* [Exercise objective] Below are some records; quote exactly the lines from the one that contains "Nikon AF-S Nikkor" through the one that contains "Kina er verdens", inclusive, and no others.

* [Exercise materials]
....

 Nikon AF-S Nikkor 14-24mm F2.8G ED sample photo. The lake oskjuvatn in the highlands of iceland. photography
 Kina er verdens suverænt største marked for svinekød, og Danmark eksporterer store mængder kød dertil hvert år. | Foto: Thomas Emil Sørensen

....

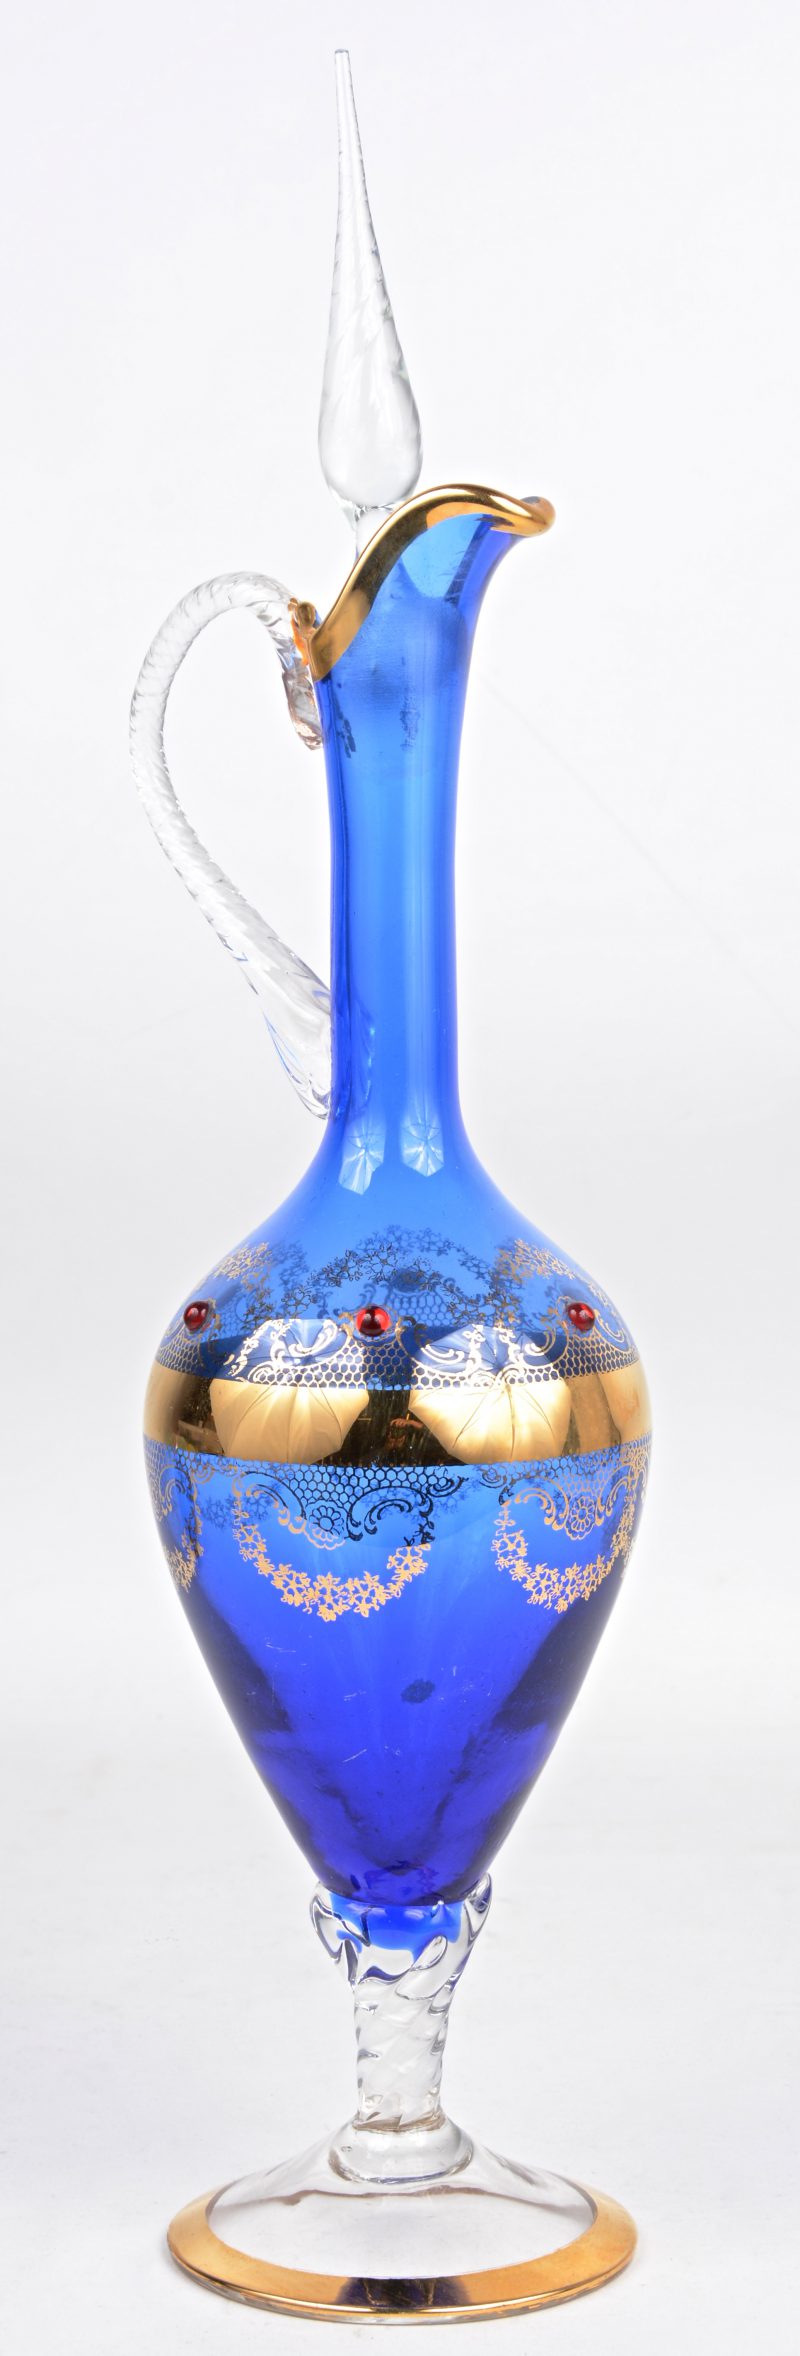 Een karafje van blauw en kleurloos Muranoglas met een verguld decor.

....

* [Response box]
 Nikon AF-S Nikkor 14-24mm F2.8G ED sample photo. The lake oskjuvatn in the highlands of iceland. photography
 Kina er verdens suverænt største marked for svinekød, og Danmark eksporterer store mængder kød dertil hvert år. | Foto: Thomas Emil Sørensen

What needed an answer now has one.